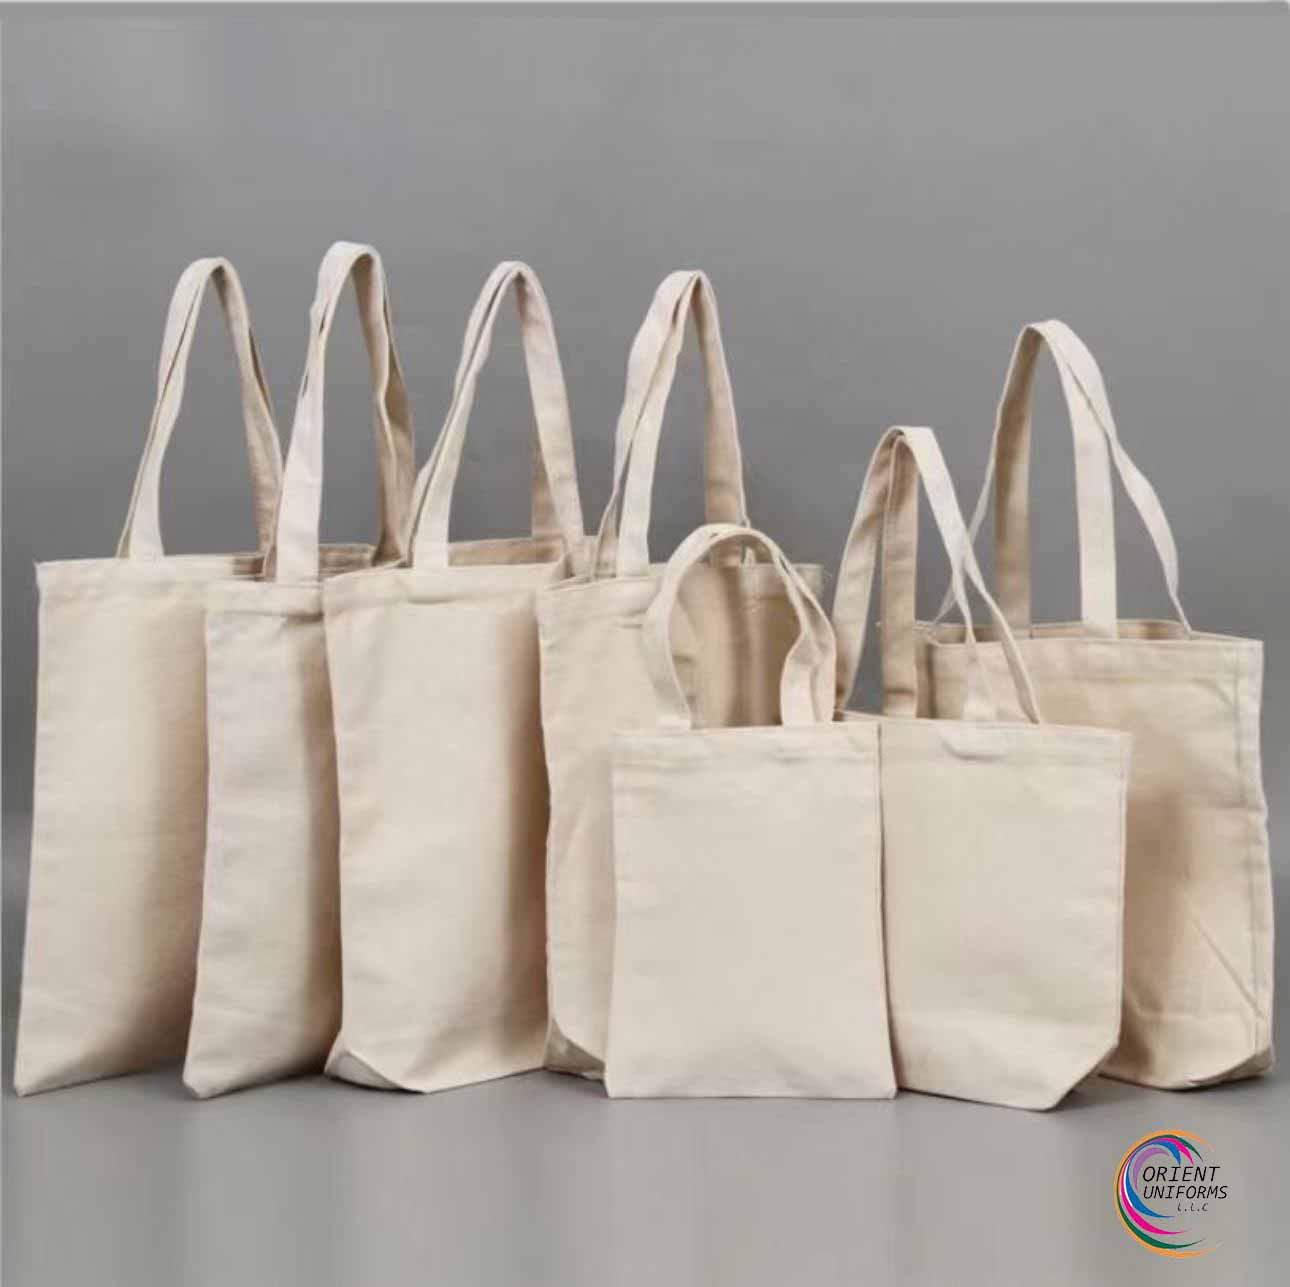 tote-bags-wholesale
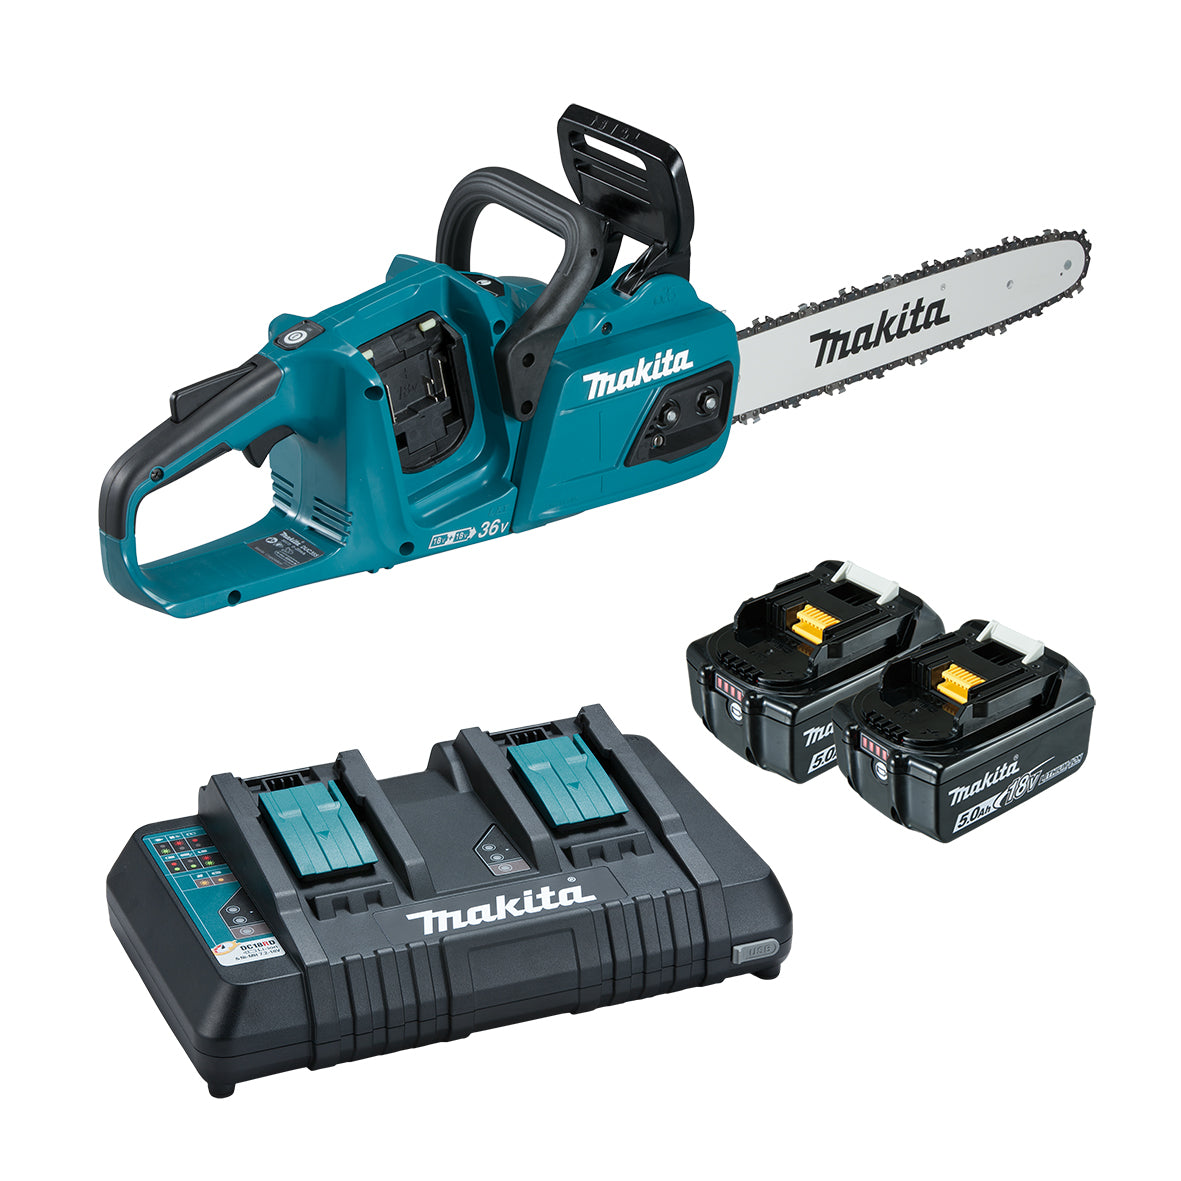 18Vx2 5.0Ah 400mm 16" Brushless Chainsaw Kit DUC405PT2 by Makita
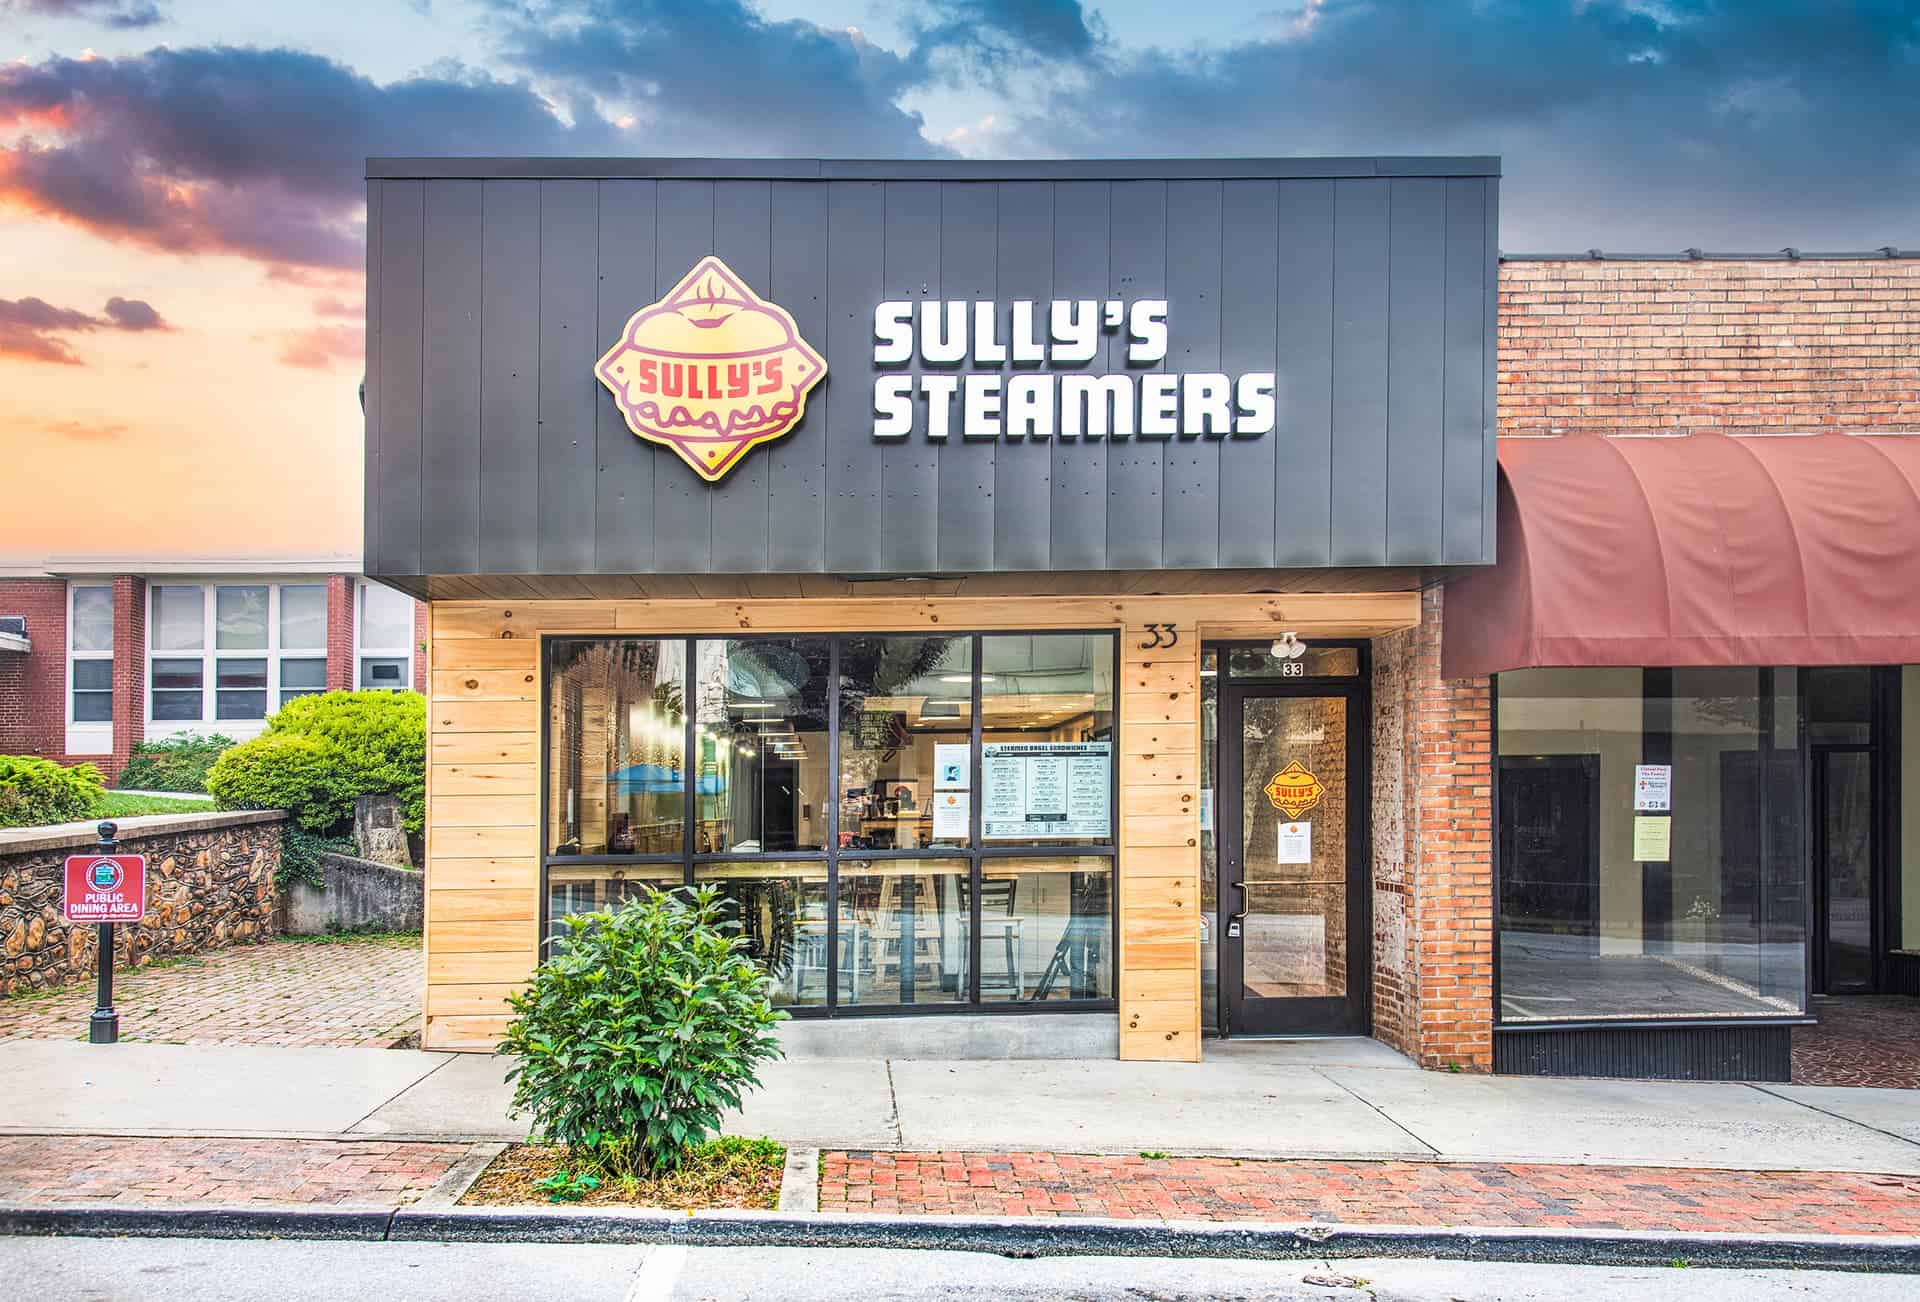 sully's steamers storefront

_Task details:_ Before you return the listing, strip out its pictures; all else must match exactly.

_Answer box:_
 tote-bags-wholesale
 18Vx2 5.0Ah 400mm 16" Brushless Chainsaw Kit DUC405PT2 by Makita
 sully's steamers storefront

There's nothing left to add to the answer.